— Data items —
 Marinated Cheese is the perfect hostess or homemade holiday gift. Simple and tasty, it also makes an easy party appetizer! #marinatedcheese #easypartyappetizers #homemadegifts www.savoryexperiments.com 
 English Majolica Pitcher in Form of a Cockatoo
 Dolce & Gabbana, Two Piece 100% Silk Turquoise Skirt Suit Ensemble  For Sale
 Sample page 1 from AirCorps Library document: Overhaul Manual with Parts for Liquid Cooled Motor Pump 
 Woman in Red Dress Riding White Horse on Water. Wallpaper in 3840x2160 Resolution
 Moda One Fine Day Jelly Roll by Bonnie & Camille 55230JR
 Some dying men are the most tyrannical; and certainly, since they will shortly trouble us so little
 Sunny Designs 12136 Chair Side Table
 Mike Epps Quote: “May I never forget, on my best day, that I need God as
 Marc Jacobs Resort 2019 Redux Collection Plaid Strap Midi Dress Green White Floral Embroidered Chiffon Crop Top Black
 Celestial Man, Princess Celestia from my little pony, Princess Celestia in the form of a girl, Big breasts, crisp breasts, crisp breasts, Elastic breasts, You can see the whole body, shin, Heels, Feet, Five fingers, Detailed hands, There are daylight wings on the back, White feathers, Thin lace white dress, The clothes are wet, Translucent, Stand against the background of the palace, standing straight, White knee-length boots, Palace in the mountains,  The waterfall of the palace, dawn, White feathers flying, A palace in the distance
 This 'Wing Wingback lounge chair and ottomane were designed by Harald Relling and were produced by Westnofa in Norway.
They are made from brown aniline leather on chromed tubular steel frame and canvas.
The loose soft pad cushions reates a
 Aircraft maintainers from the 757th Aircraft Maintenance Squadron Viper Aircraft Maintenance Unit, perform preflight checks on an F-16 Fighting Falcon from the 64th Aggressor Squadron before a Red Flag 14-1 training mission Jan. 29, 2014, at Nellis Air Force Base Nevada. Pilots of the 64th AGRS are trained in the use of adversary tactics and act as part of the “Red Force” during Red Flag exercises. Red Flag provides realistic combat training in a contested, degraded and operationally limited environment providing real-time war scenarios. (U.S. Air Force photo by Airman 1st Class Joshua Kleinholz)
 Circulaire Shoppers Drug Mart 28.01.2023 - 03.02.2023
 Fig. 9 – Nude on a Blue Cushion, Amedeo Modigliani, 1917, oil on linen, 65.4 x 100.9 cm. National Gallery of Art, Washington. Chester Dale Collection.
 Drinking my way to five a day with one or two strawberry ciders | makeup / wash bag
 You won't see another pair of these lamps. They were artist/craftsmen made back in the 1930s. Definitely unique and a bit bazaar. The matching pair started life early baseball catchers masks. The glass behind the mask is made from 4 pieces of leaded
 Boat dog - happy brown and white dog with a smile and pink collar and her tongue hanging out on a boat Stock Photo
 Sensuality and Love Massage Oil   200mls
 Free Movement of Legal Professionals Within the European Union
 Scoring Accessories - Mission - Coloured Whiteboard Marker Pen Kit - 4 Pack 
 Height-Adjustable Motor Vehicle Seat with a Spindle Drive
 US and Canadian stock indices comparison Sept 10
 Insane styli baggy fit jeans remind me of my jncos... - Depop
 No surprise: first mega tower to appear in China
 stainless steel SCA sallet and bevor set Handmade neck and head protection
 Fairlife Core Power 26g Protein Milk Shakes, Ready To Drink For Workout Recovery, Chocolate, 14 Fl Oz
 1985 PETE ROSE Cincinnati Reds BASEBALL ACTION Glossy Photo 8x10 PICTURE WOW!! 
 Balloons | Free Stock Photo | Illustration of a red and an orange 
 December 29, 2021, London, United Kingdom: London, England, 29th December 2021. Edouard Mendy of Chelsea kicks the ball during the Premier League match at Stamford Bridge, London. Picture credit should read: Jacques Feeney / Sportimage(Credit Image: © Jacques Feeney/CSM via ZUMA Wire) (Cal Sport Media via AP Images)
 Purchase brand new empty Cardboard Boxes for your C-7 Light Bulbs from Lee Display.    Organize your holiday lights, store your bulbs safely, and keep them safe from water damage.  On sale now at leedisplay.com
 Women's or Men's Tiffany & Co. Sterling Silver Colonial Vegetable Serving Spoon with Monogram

— To do —
Every record is to be retyped exactly as given.

— Task response —
 Marinated Cheese is the perfect hostess or homemade holiday gift. Simple and tasty, it also makes an easy party appetizer! #marinatedcheese #easypartyappetizers #homemadegifts www.savoryexperiments.com 
 English Majolica Pitcher in Form of a Cockatoo
 Dolce & Gabbana, Two Piece 100% Silk Turquoise Skirt Suit Ensemble  For Sale
 Sample page 1 from AirCorps Library document: Overhaul Manual with Parts for Liquid Cooled Motor Pump 
 Woman in Red Dress Riding White Horse on Water. Wallpaper in 3840x2160 Resolution
 Moda One Fine Day Jelly Roll by Bonnie & Camille 55230JR
 Some dying men are the most tyrannical; and certainly, since they will shortly trouble us so little
 Sunny Designs 12136 Chair Side Table
 Mike Epps Quote: “May I never forget, on my best day, that I need God as
 Marc Jacobs Resort 2019 Redux Collection Plaid Strap Midi Dress Green White Floral Embroidered Chiffon Crop Top Black
 Celestial Man, Princess Celestia from my little pony, Princess Celestia in the form of a girl, Big breasts, crisp breasts, crisp breasts, Elastic breasts, You can see the whole body, shin, Heels, Feet, Five fingers, Detailed hands, There are daylight wings on the back, White feathers, Thin lace white dress, The clothes are wet, Translucent, Stand against the background of the palace, standing straight, White knee-length boots, Palace in the mountains,  The waterfall of the palace, dawn, White feathers flying, A palace in the distance
 This 'Wing Wingback lounge chair and ottomane were designed by Harald Relling and were produced by Westnofa in Norway.
They are made from brown aniline leather on chromed tubular steel frame and canvas.
The loose soft pad cushions reates a
 Aircraft maintainers from the 757th Aircraft Maintenance Squadron Viper Aircraft Maintenance Unit, perform preflight checks on an F-16 Fighting Falcon from the 64th Aggressor Squadron before a Red Flag 14-1 training mission Jan. 29, 2014, at Nellis Air Force Base Nevada. Pilots of the 64th AGRS are trained in the use of adversary tactics and act as part of the “Red Force” during Red Flag exercises. Red Flag provides realistic combat training in a contested, degraded and operationally limited environment providing real-time war scenarios. (U.S. Air Force photo by Airman 1st Class Joshua Kleinholz)
 Circulaire Shoppers Drug Mart 28.01.2023 - 03.02.2023
 Fig. 9 – Nude on a Blue Cushion, Amedeo Modigliani, 1917, oil on linen, 65.4 x 100.9 cm. National Gallery of Art, Washington. Chester Dale Collection.
 Drinking my way to five a day with one or two strawberry ciders | makeup / wash bag
 You won't see another pair of these lamps. They were artist/craftsmen made back in the 1930s. Definitely unique and a bit bazaar. The matching pair started life early baseball catchers masks. The glass behind the mask is made from 4 pieces of leaded
 Boat dog - happy brown and white dog with a smile and pink collar and her tongue hanging out on a boat Stock Photo
 Sensuality and Love Massage Oil   200mls
 Free Movement of Legal Professionals Within the European Union
 Scoring Accessories - Mission - Coloured Whiteboard Marker Pen Kit - 4 Pack 
 Height-Adjustable Motor Vehicle Seat with a Spindle Drive
 US and Canadian stock indices comparison Sept 10
 Insane styli baggy fit jeans remind me of my jncos... - Depop
 No surprise: first mega tower to appear in China
 stainless steel SCA sallet and bevor set Handmade neck and head protection
 Fairlife Core Power 26g Protein Milk Shakes, Ready To Drink For Workout Recovery, Chocolate, 14 Fl Oz
 1985 PETE ROSE Cincinnati Reds BASEBALL ACTION Glossy Photo 8x10 PICTURE WOW!! 
 Balloons | Free Stock Photo | Illustration of a red and an orange 
 December 29, 2021, London, United Kingdom: London, England, 29th December 2021. Edouard Mendy of Chelsea kicks the ball during the Premier League match at Stamford Bridge, London. Picture credit should read: Jacques Feeney / Sportimage(Credit Image: © Jacques Feeney/CSM via ZUMA Wire) (Cal Sport Media via AP Images)
 Purchase brand new empty Cardboard Boxes for your C-7 Light Bulbs from Lee Display.    Organize your holiday lights, store your bulbs safely, and keep them safe from water damage.  On sale now at leedisplay.com
 Women's or Men's Tiffany & Co. Sterling Silver Colonial Vegetable Serving Spoon with Monogram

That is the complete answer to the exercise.